One example of a harmonic sequence includes the numbers 1, 1/4, 1/7, 1/10, etc.
A series that is created by the use of a harmonic sequence is referred to as a harmonic series.
For instance, the sequence 1 + 1/4 + 1/7 + 1/10… is an example of a harmonic series.
Some Examples of Sequence and Series
If the numbers 4, 7, 10, 13, 16, 19, 22,…… are in order, then find:
Difference between the nth and 21st terms common nth term
Solution: Given sequence is, 4,7,10,13,16,19,22……
a) The most common difference is 7, which minus 4, equals 3.
b) The nth term of the arithmetic sequence is denoted by the term Tn and is given by the equation Tn = a + (n-1)d, where “a” is the first term and “d” is a common difference.
c) The nth term of the arithmetic sequence is denoted by the term Tn and is given by the equation
Tn = a + (n-1)
Tn = 4 + (n – 1)
21st term as: T21 = 4 + 3n – 3 = 3n + 1
4+60 = 64.
Fibonacci Sequence
Leonardo Pisano Bogollo, an Italian mathematician, was the first person to discover the Fibonacci sequence (Fibonacci).
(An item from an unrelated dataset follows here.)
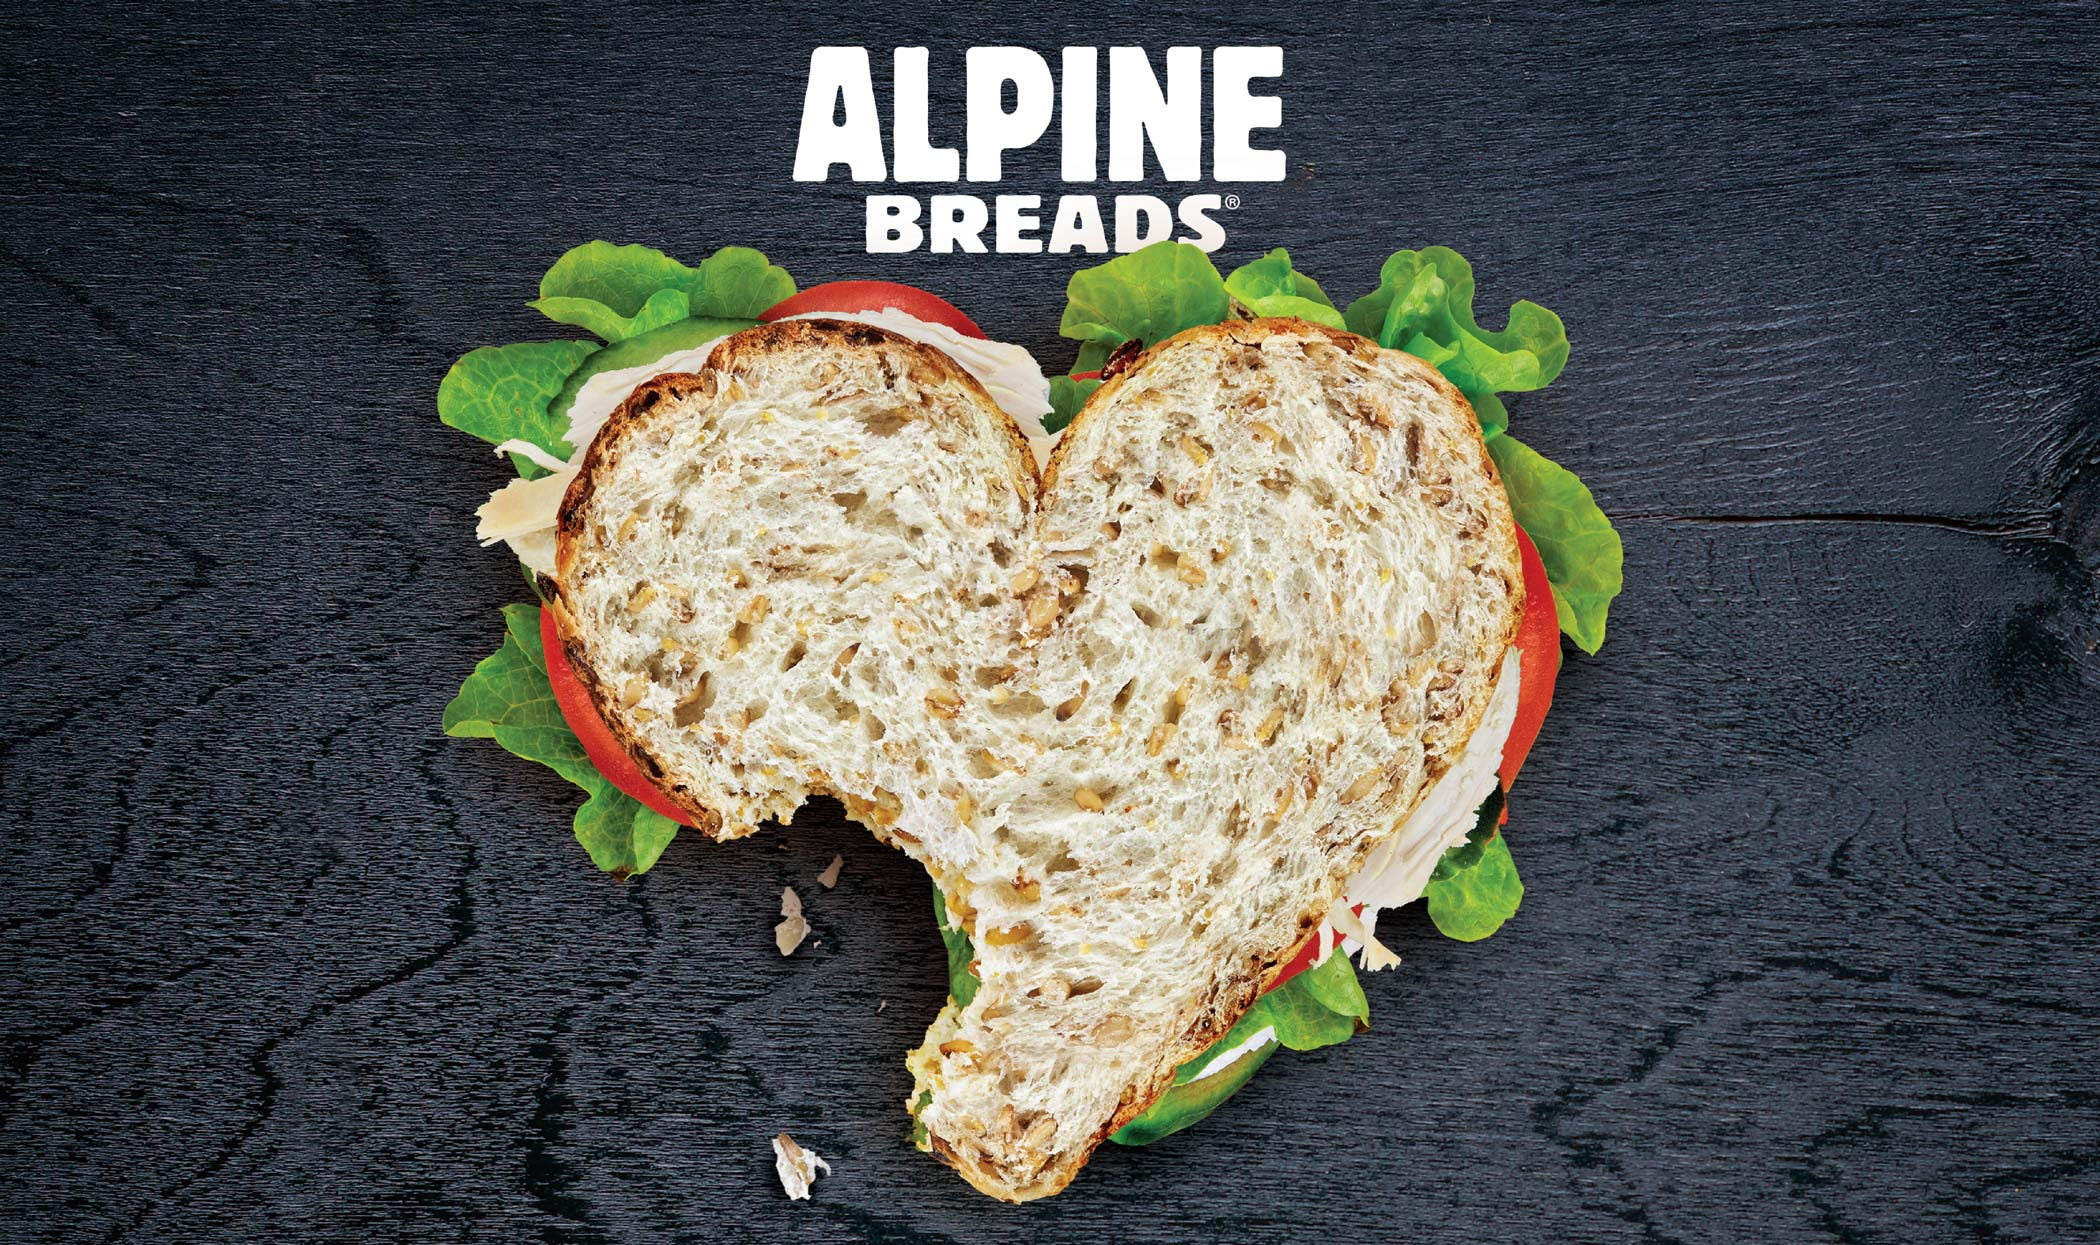 Alpine Bread Brand Identity
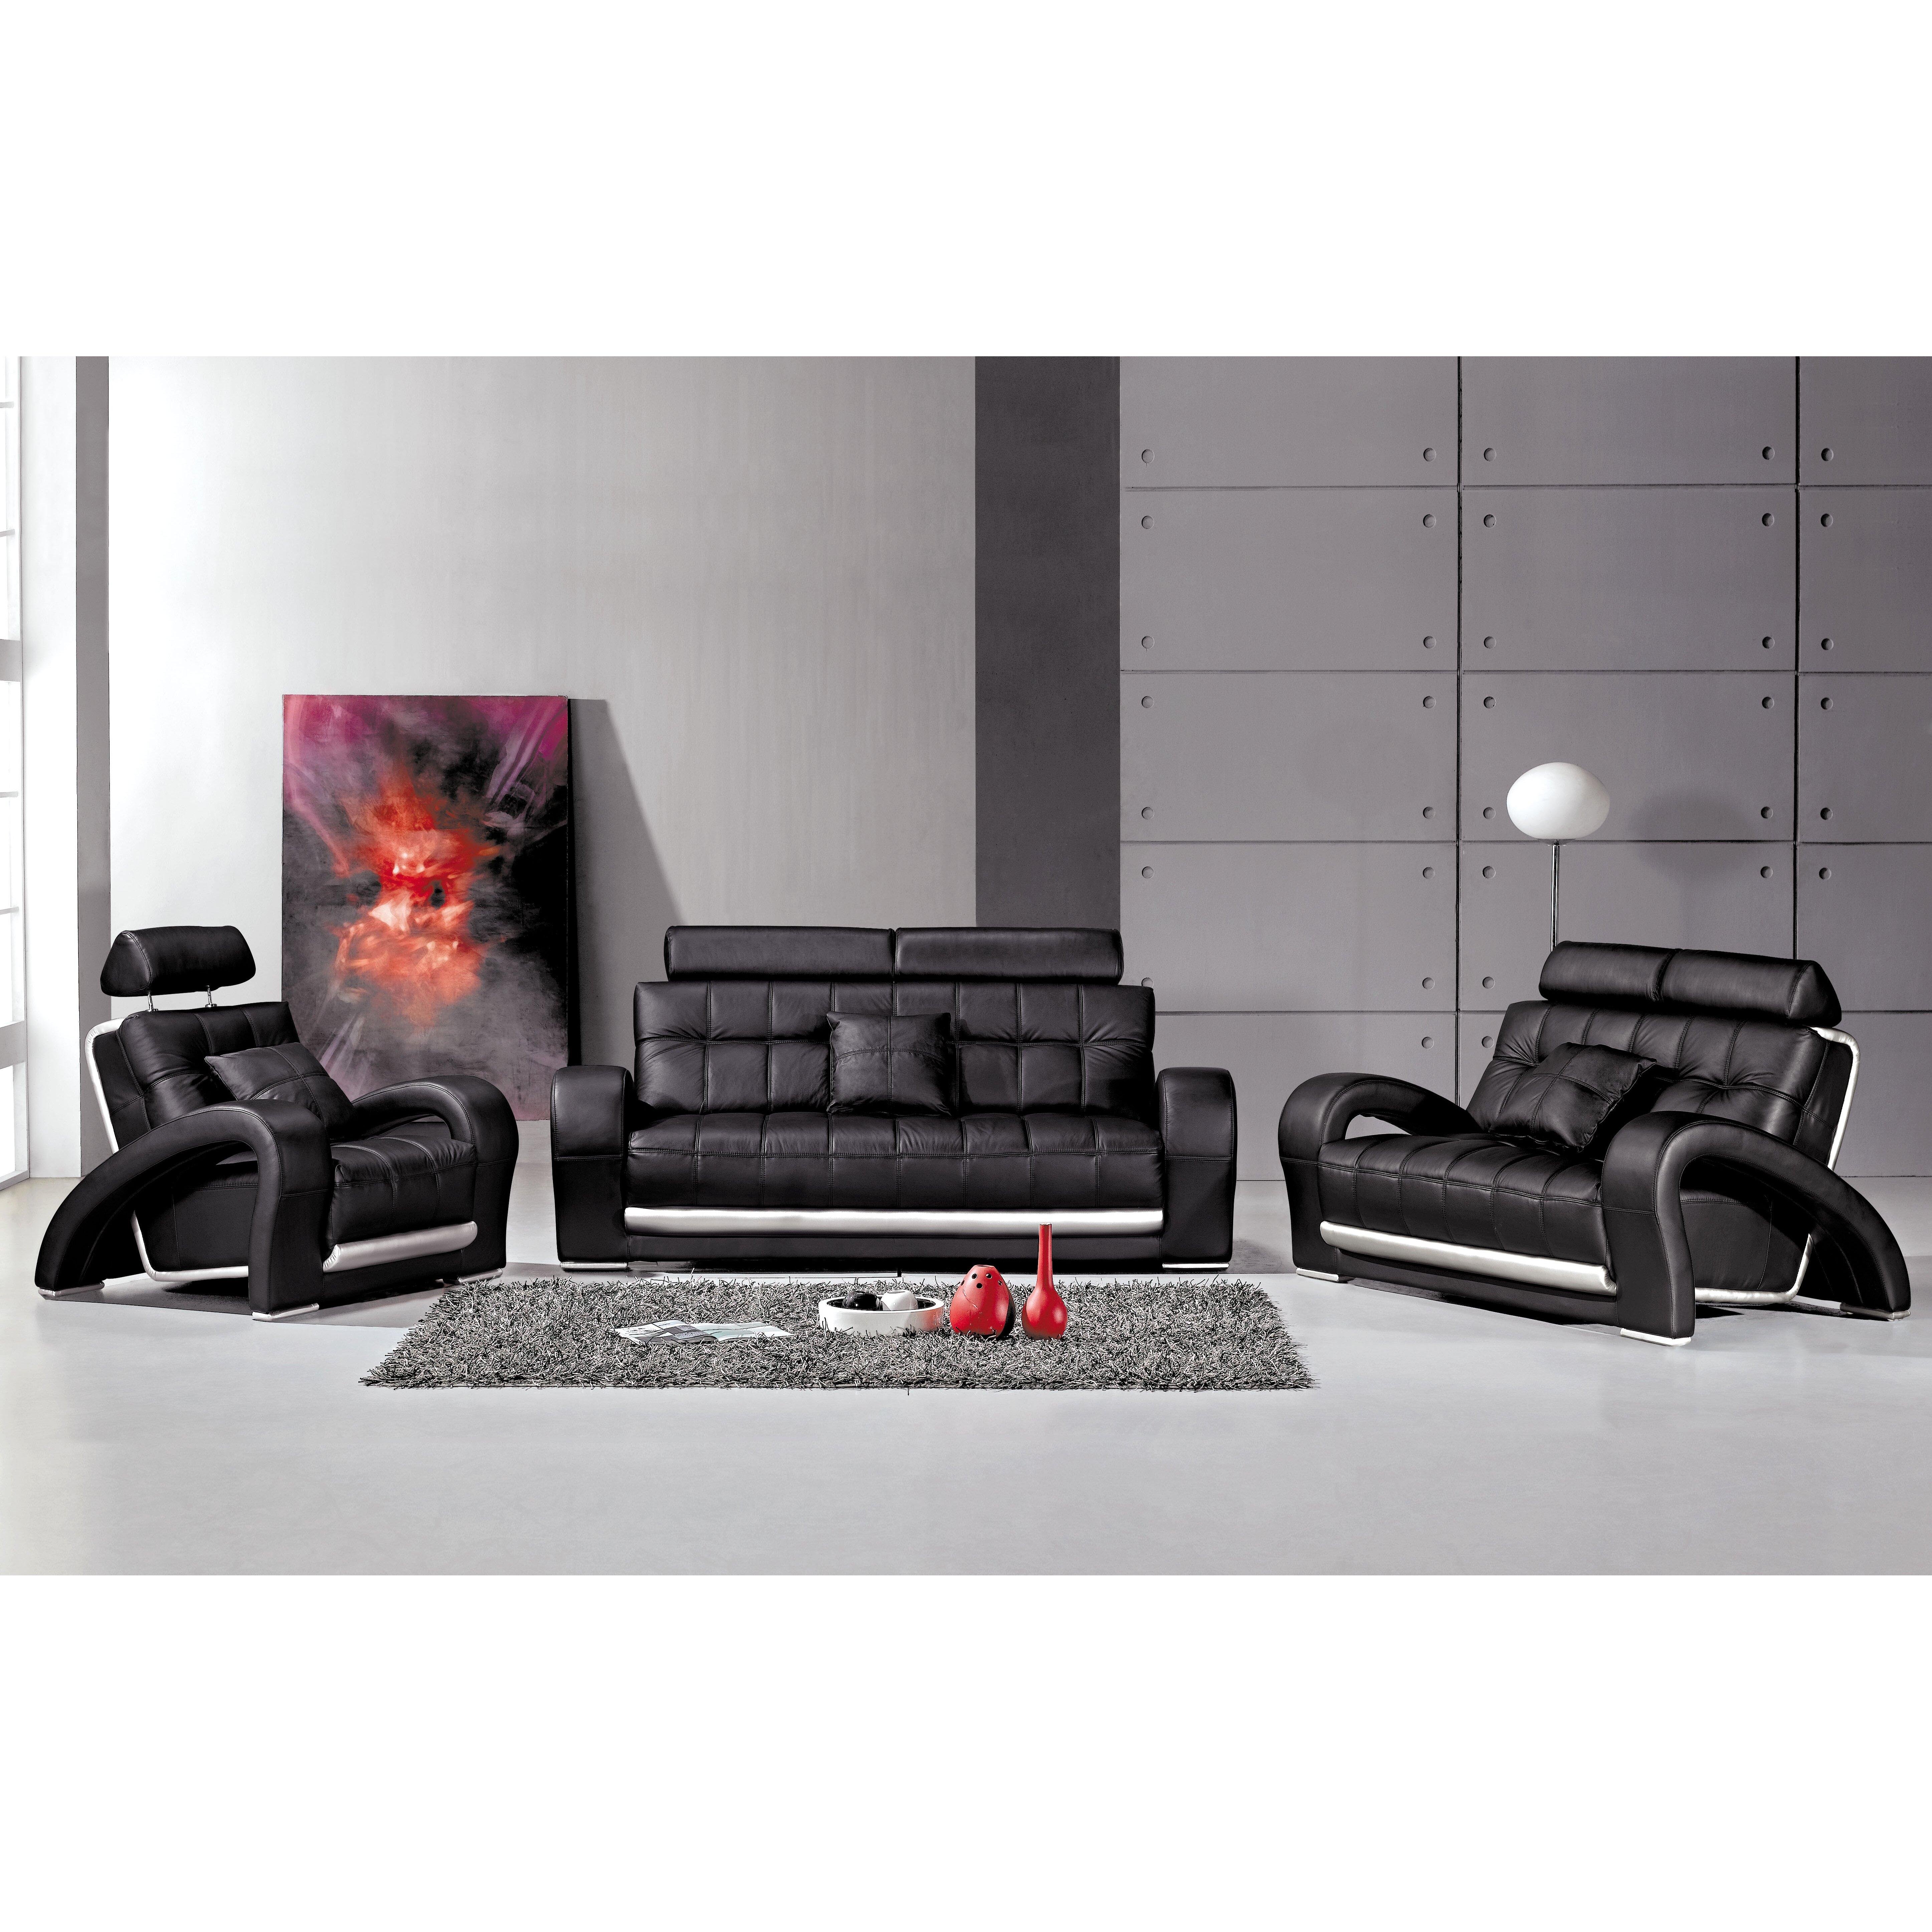 3 Piece Leather Sofa: Hokku Designs Arthur 3 Piece Leather Sofa Set & Reviews

The Fibonacci sequence is a sequence of whole numbers that starts with 0 and continues on to 1, 1, 2, 3, 5, 8, 13, 21, 34, and so on.
The name given to this never-ending sequence is the Fibonacci sequence.
In this situation, each word is the sum of the two terms that came before it, beginning with 0 and 1.
This phenomenon is often referred to as “nature’s secret code.”
Conclusion
A group of numbers that are arranged in a specific order according to a predetermined set of guidelines is referred to as a sequence.
When terms from a sequence are added together, a series is created.
One and the same term can appear multiple times at various points in the sequence.
Sequences can be either infinite or finite, and their terms are added together to form a series.
Sequences can be either infinite or finite, and their terms are used to define the series.
In some circumstances, it is also feasible for a series to have a sum of infinite terms.